**Task to complete:** An exact copy is the goal: every line from the one containing "Instagram artwork by" to the end of the material below, pictures excluded.

**Stored data:**
..............................

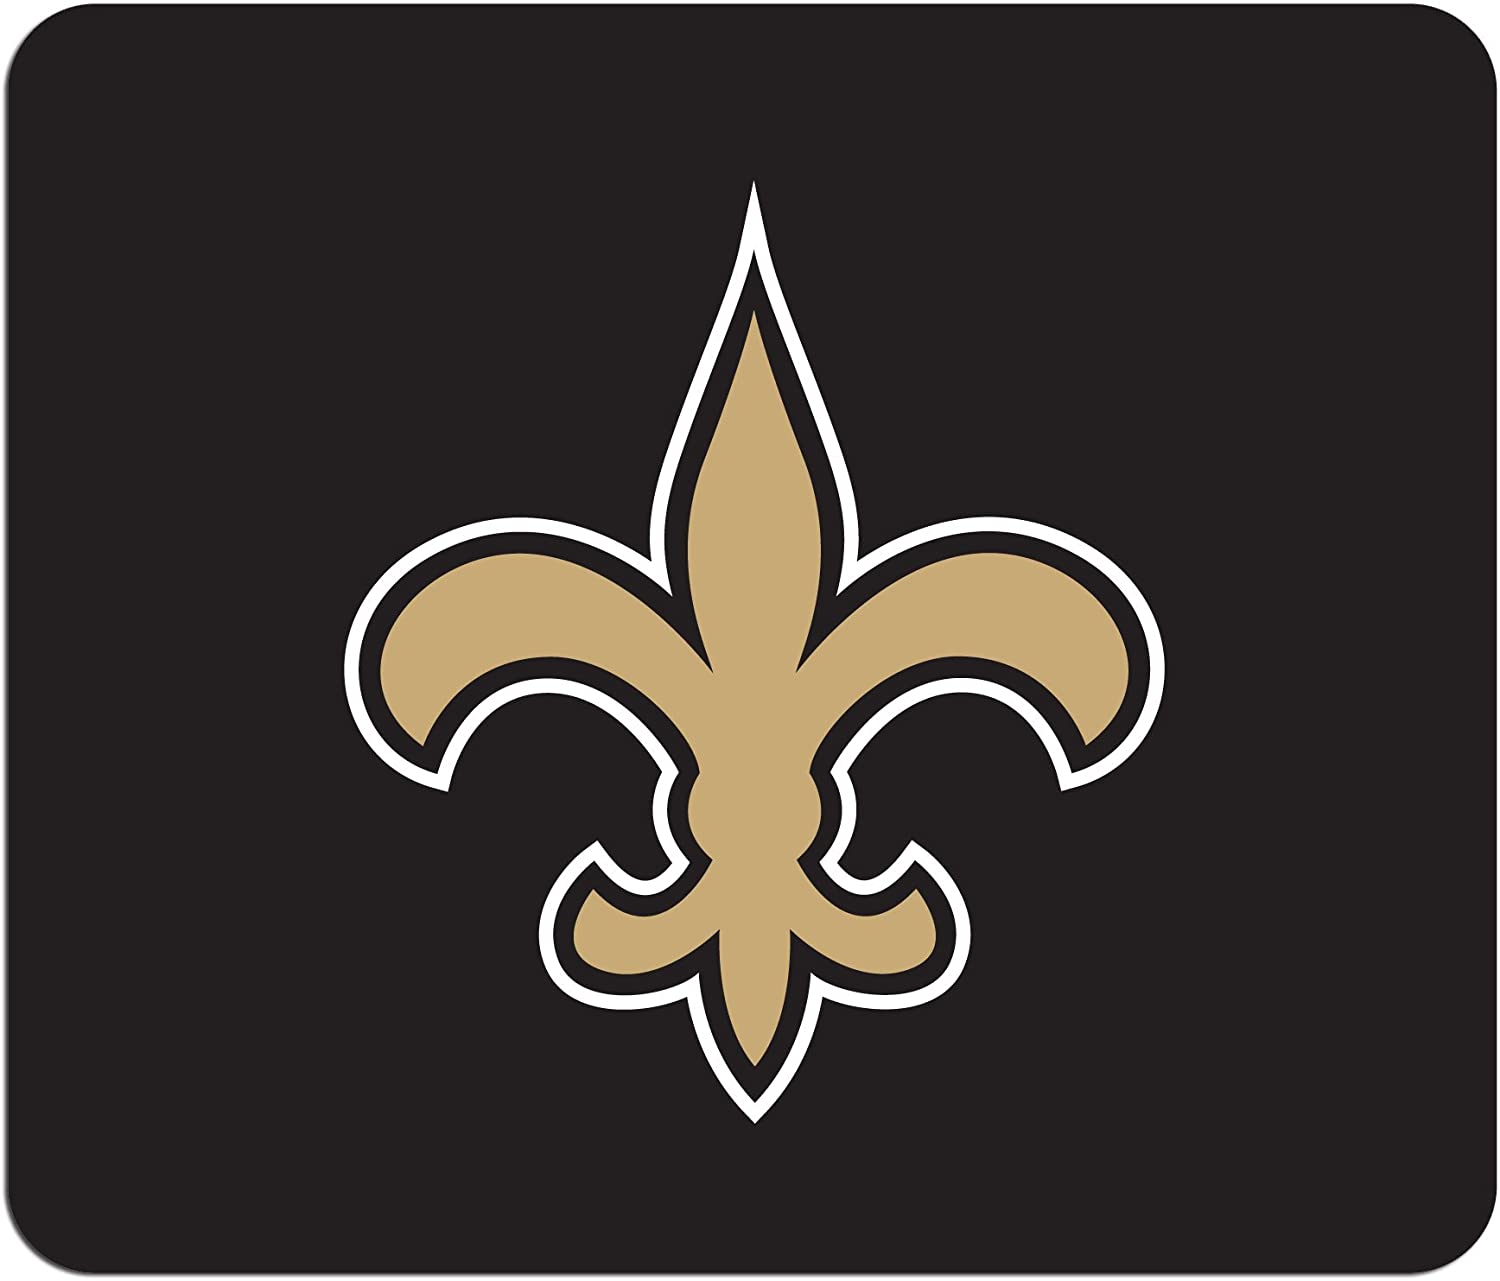 New Orleans Saints Injury Report: 4 Players ruled OUT vs. Detroit Lions
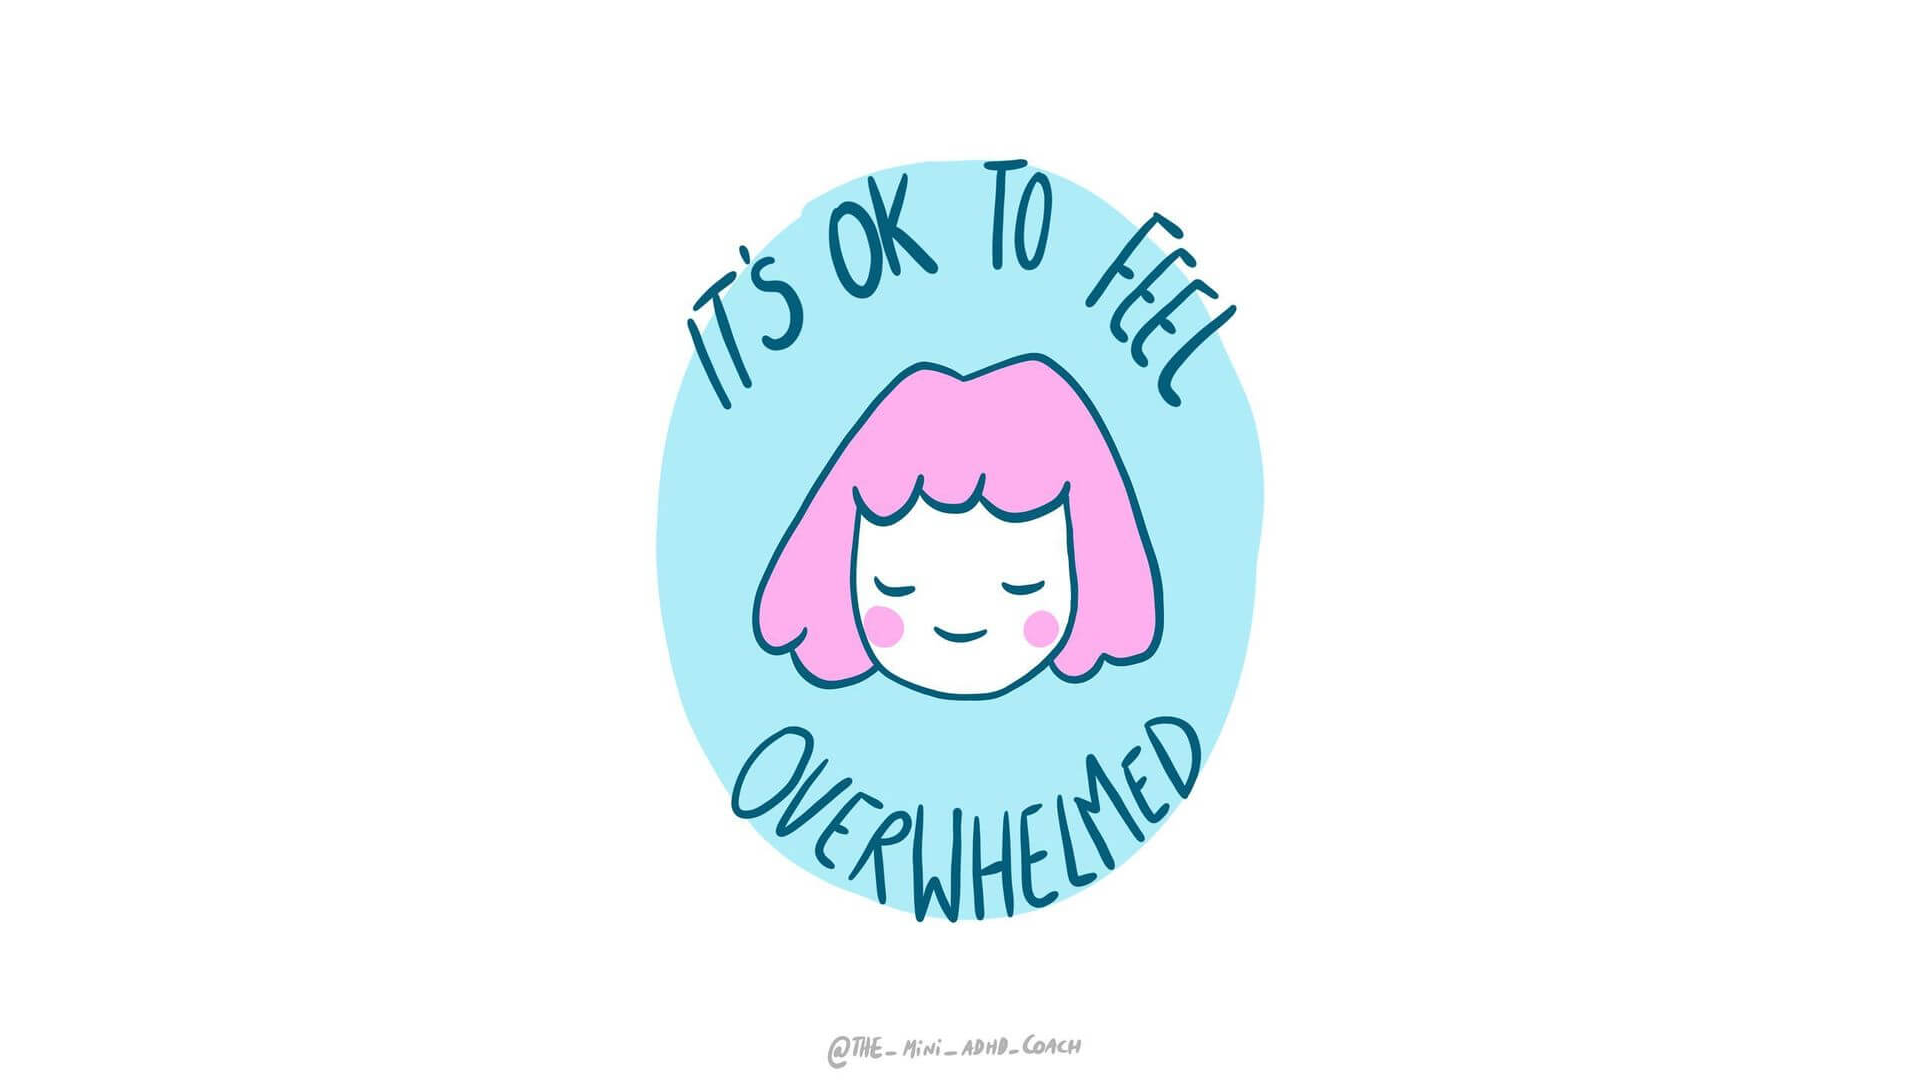 Instagram artwork by @the_mini_adhd_coach. A girl with pink hair in the centre over a blue circle background. The words read: 'it's ok to feel overwhelmed'.
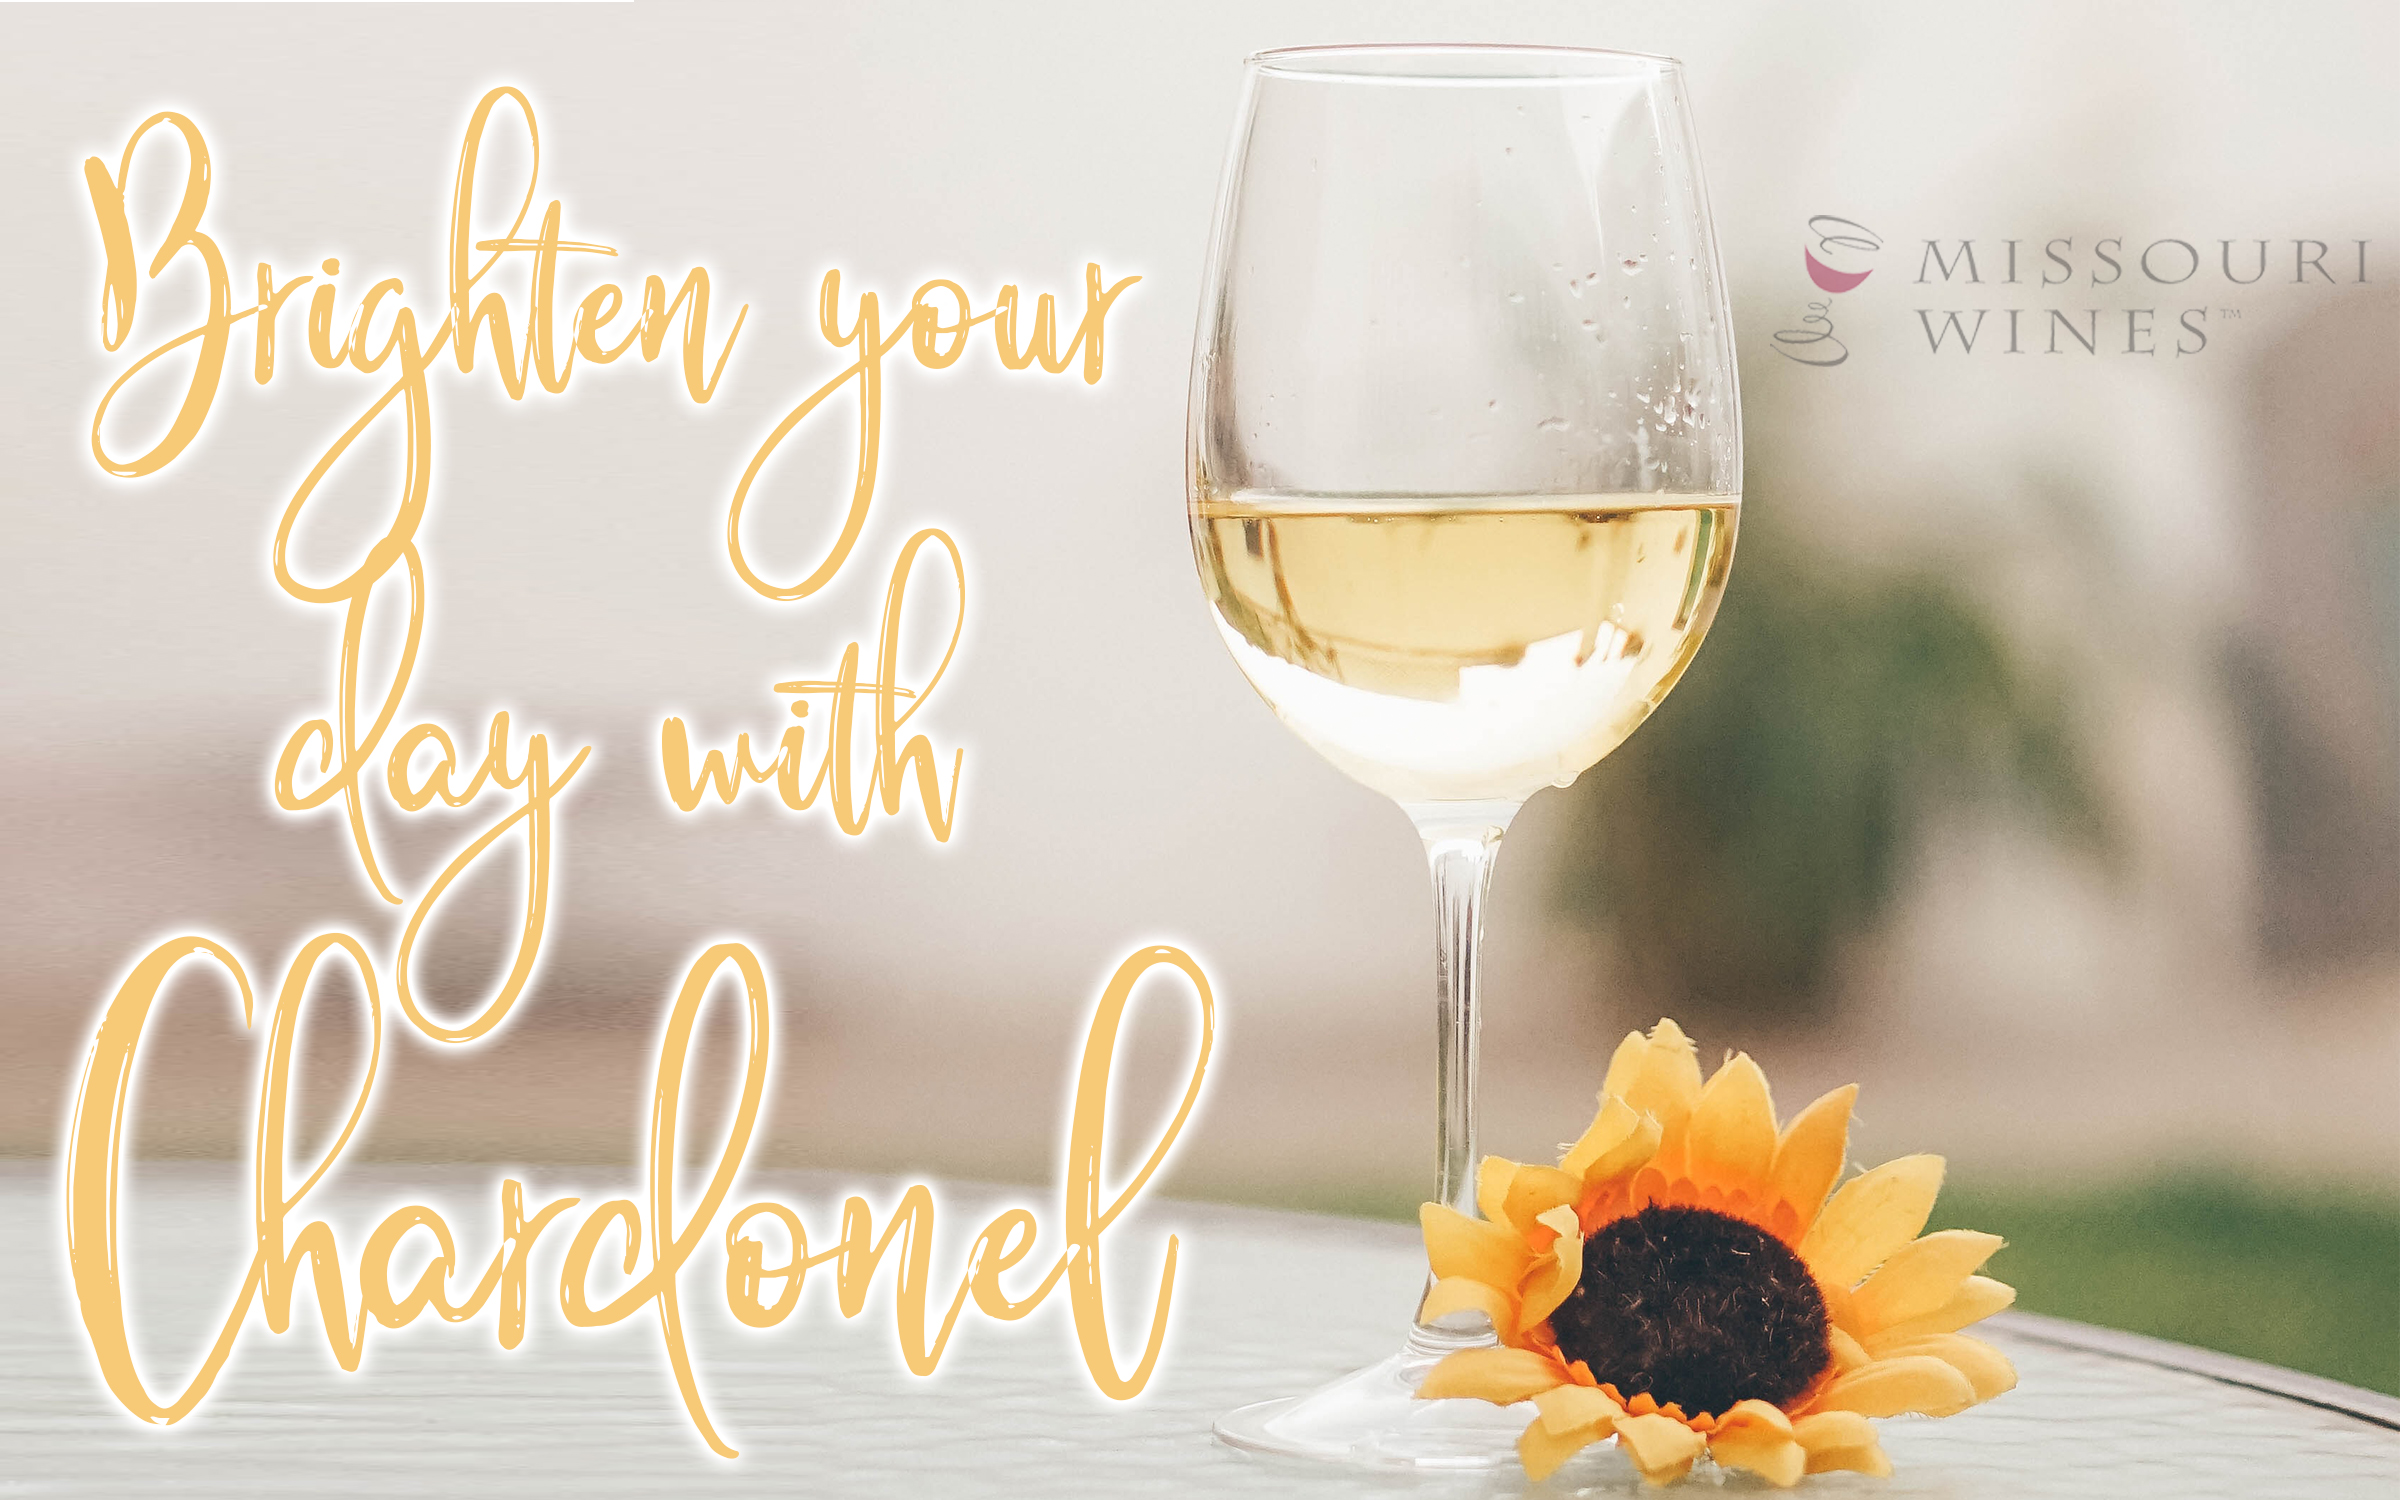 Brighten Your Day with Chardonel

..............................

**Output below:**
 Instagram artwork by @the_mini_adhd_coach. A girl with pink hair in the centre over a blue circle background. The words read: 'it's ok to feel overwhelmed'.
 Brighten Your Day with Chardonel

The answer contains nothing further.